**Recorded information**.

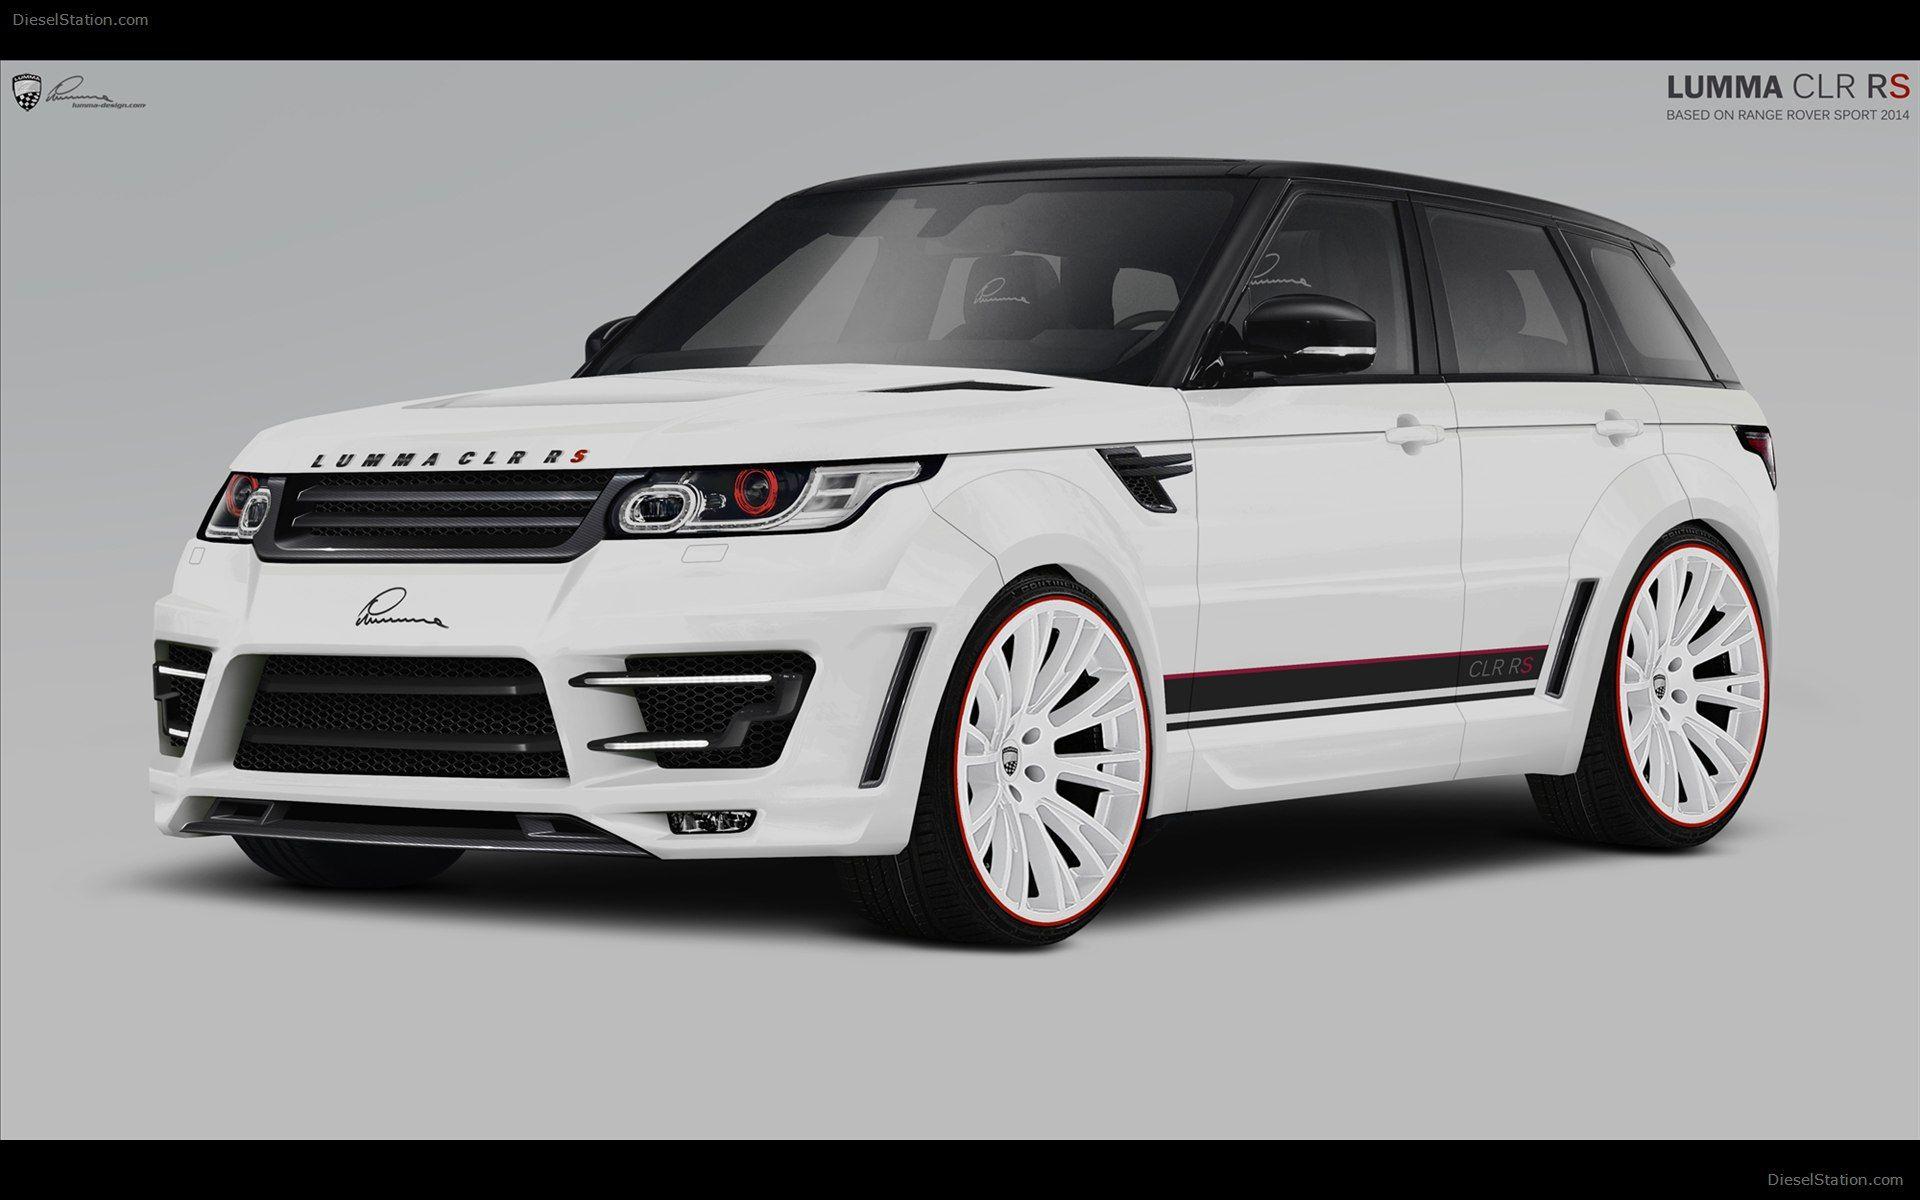 range rover sport 2014 | LUMMA Design Range Rover Sport 2014 Widescreen Exotic Car Wallpaper ...
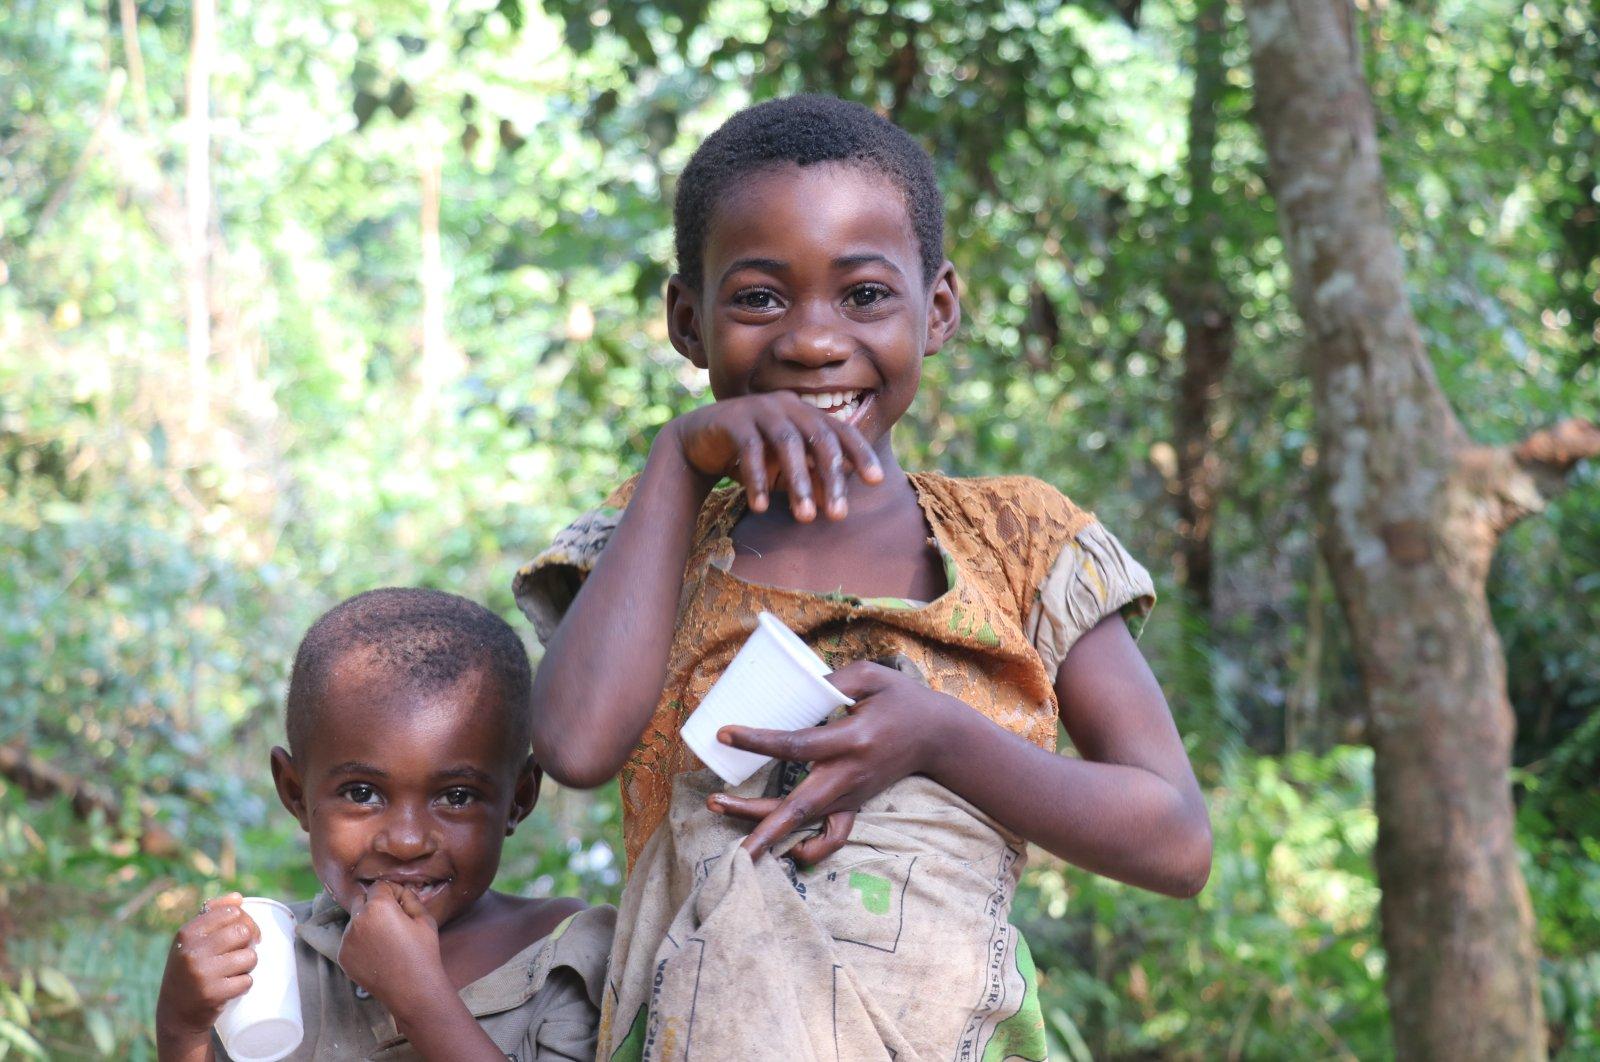 Pygmy children smile in Bikuitsi-Njule, Cameroon, Aug. 2, 2021. (AA Photo)
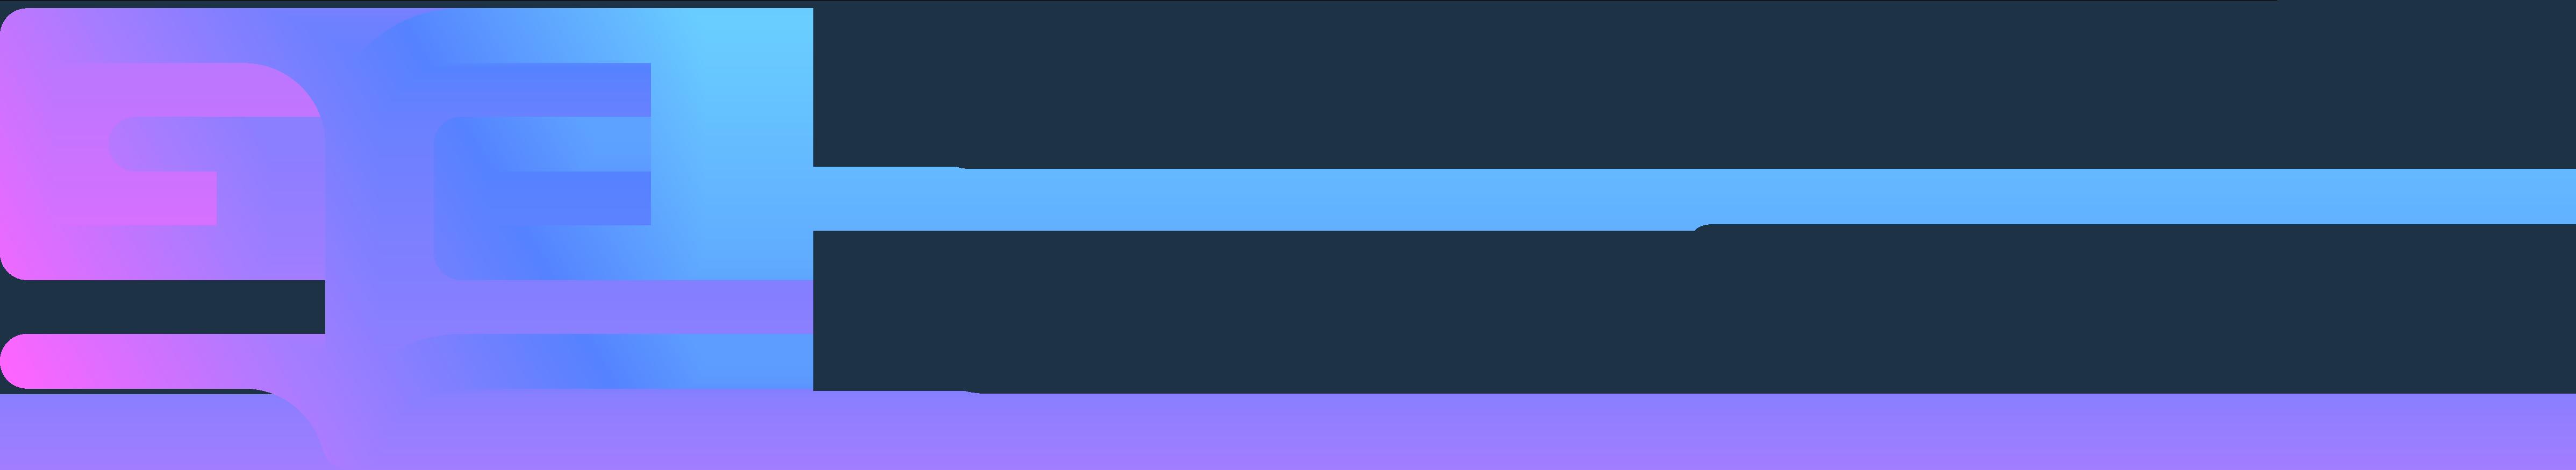 Future Education Foundation logo
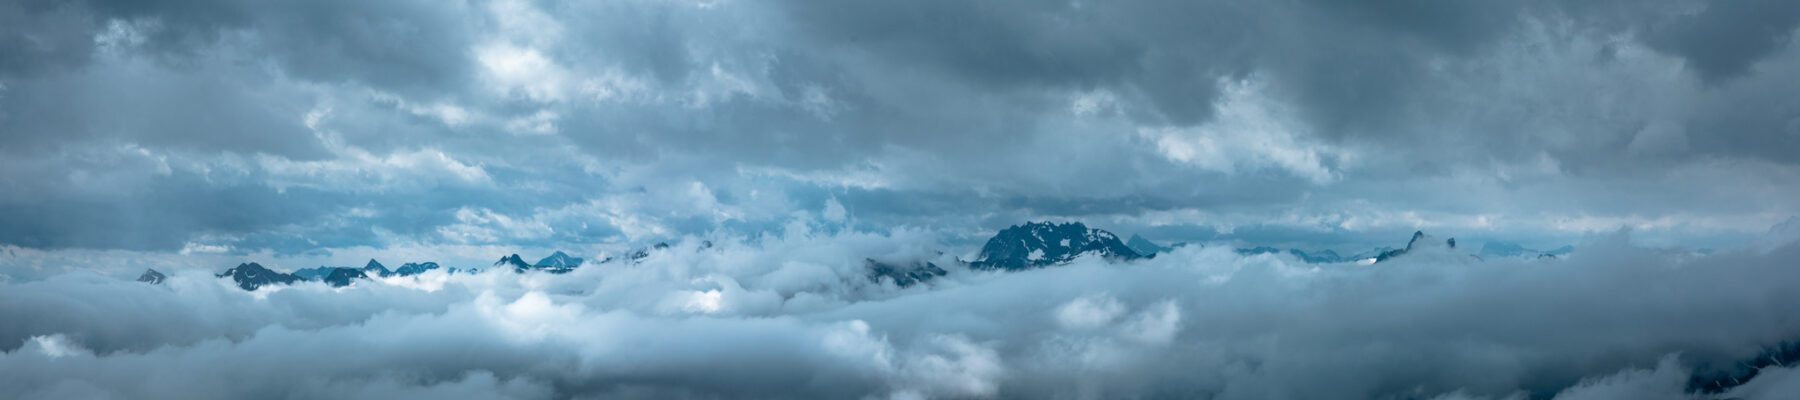 Sankt Anton am Arlberg St. Anton - Inbetween the Clouds 1-2048
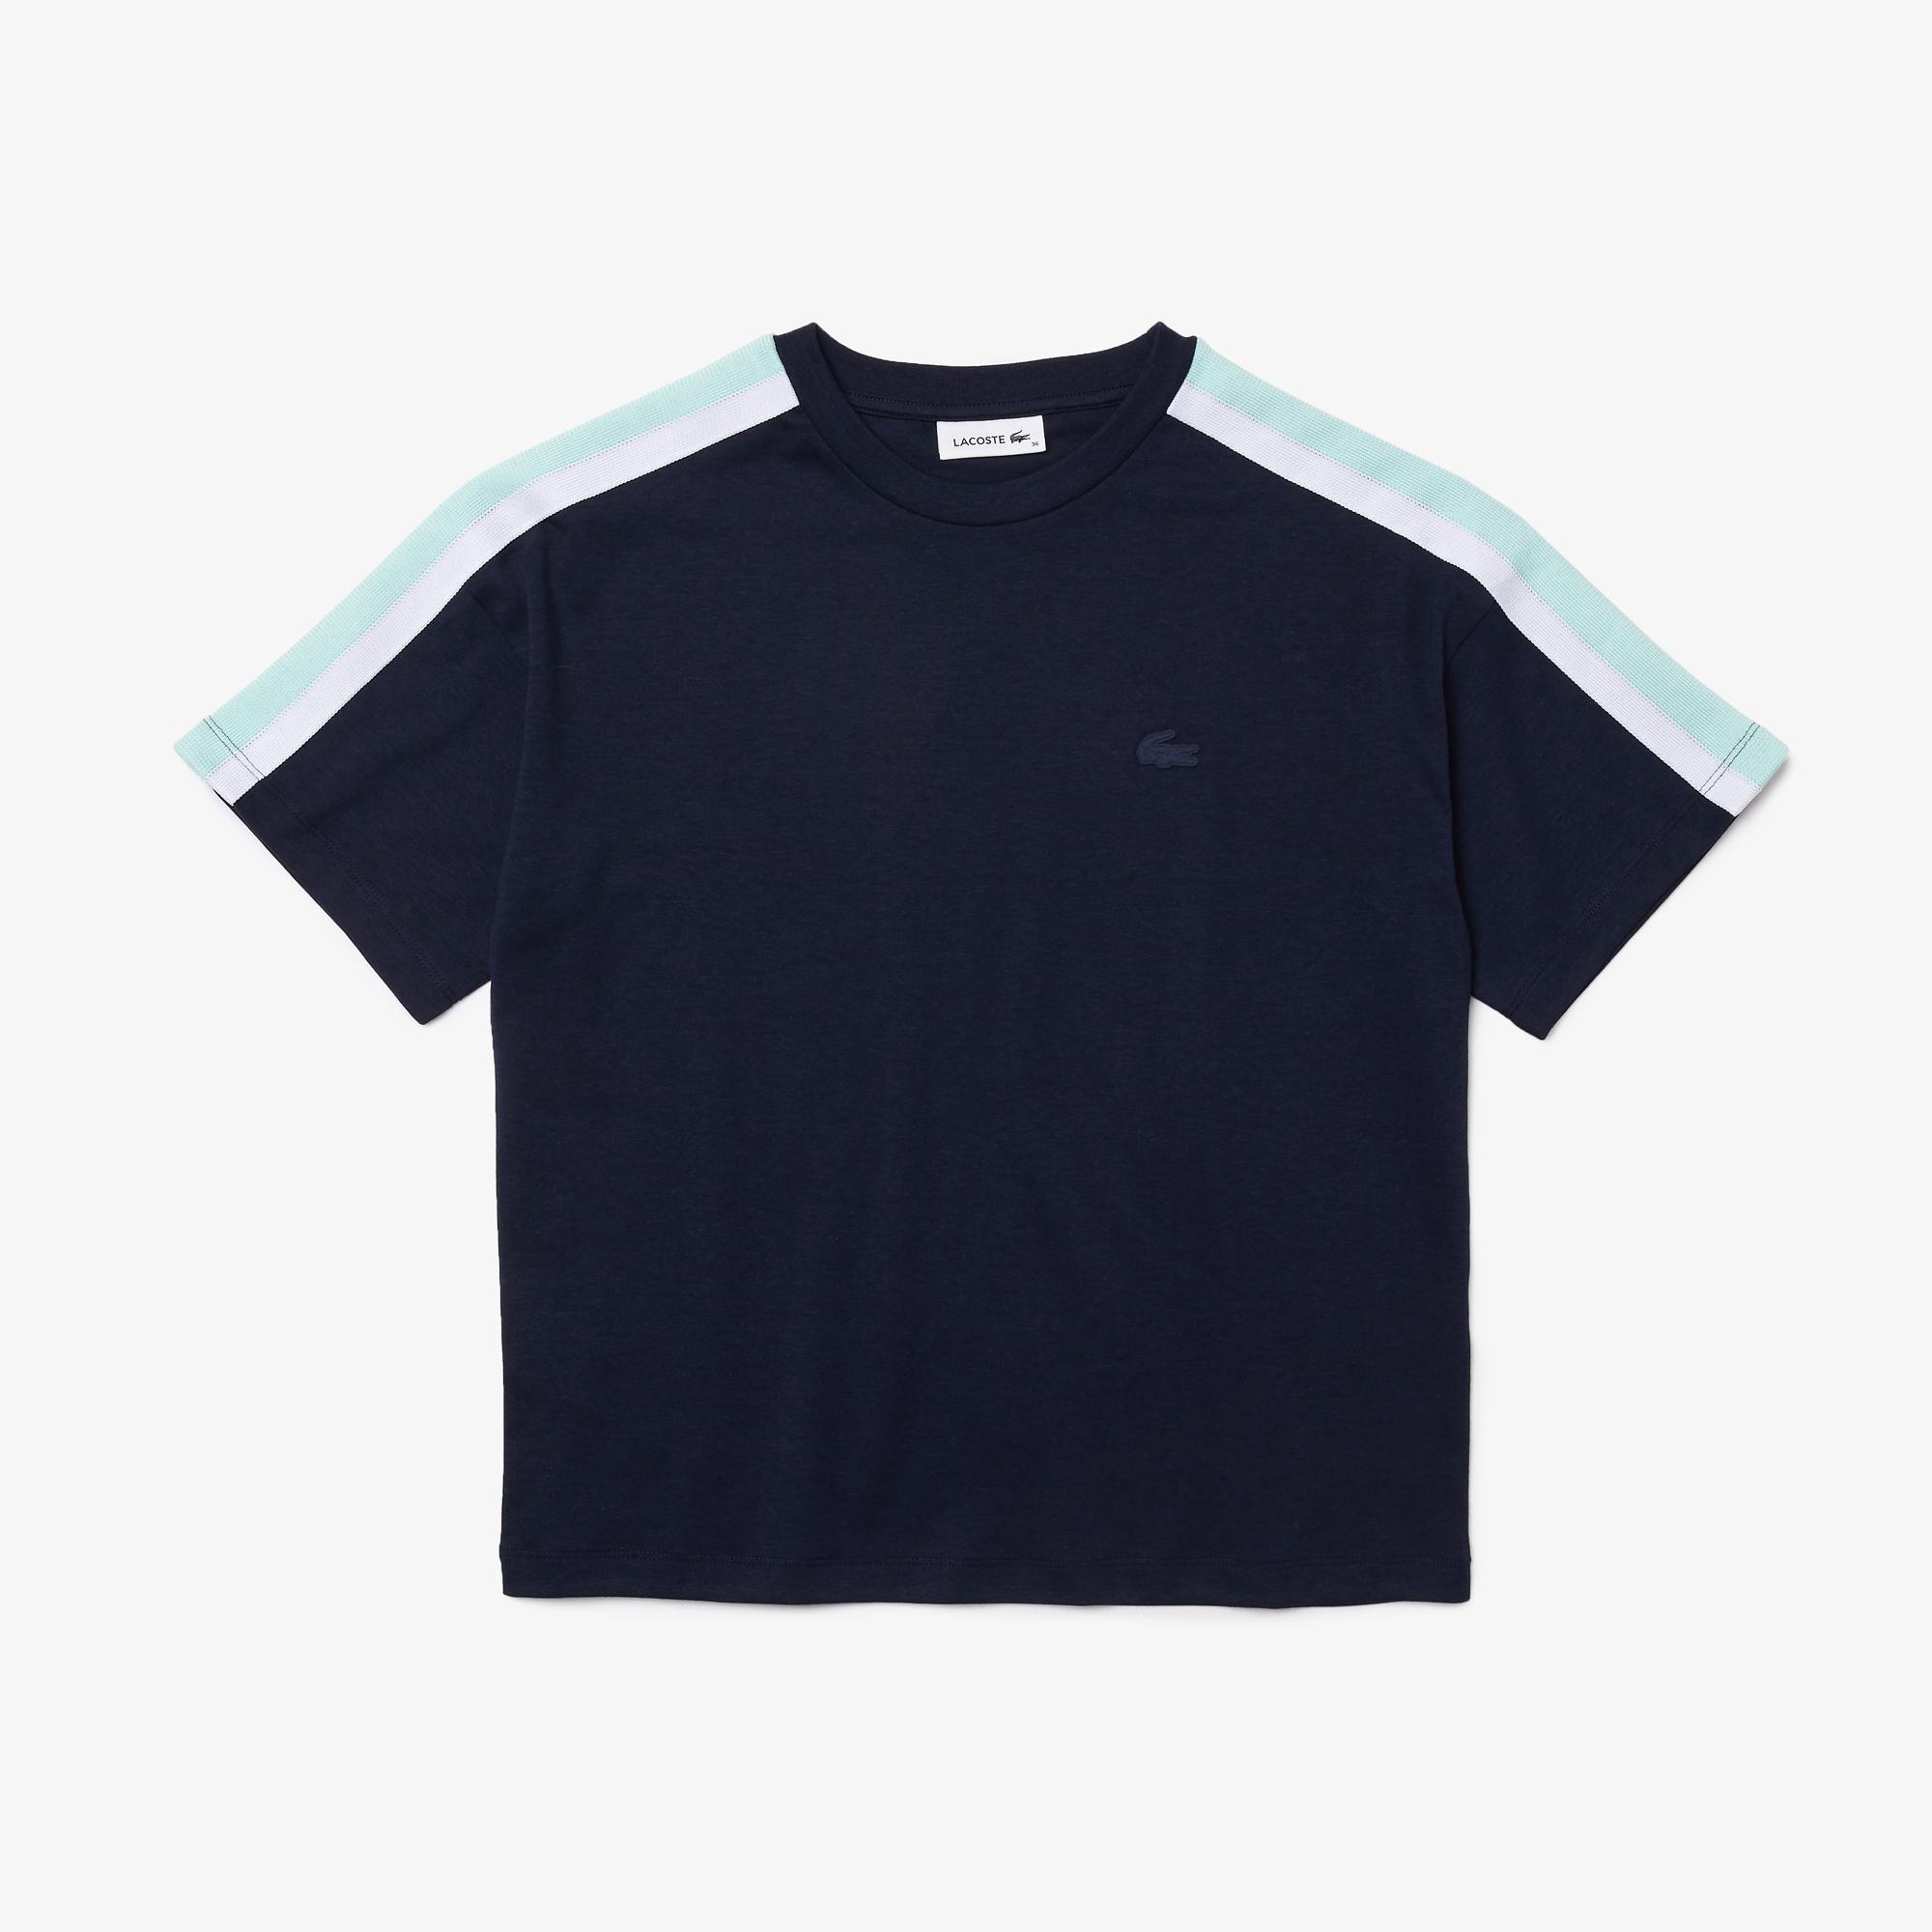 Lacoste Kadın Bisiklet Yaka Lacivert T-Shirt

**Work task**. Your task is to return the entries above exactly, with no pictures.

**Exercise response**.
 range rover sport 2014 | LUMMA Design Range Rover Sport 2014 Widescreen Exotic Car Wallpaper ...
 Pygmy children smile in Bikuitsi-Njule, Cameroon, Aug. 2, 2021. (AA Photo)
 Future Education Foundation logo
 Sankt Anton am Arlberg St. Anton - Inbetween the Clouds 1-2048
 Lacoste Kadın Bisiklet Yaka Lacivert T-Shirt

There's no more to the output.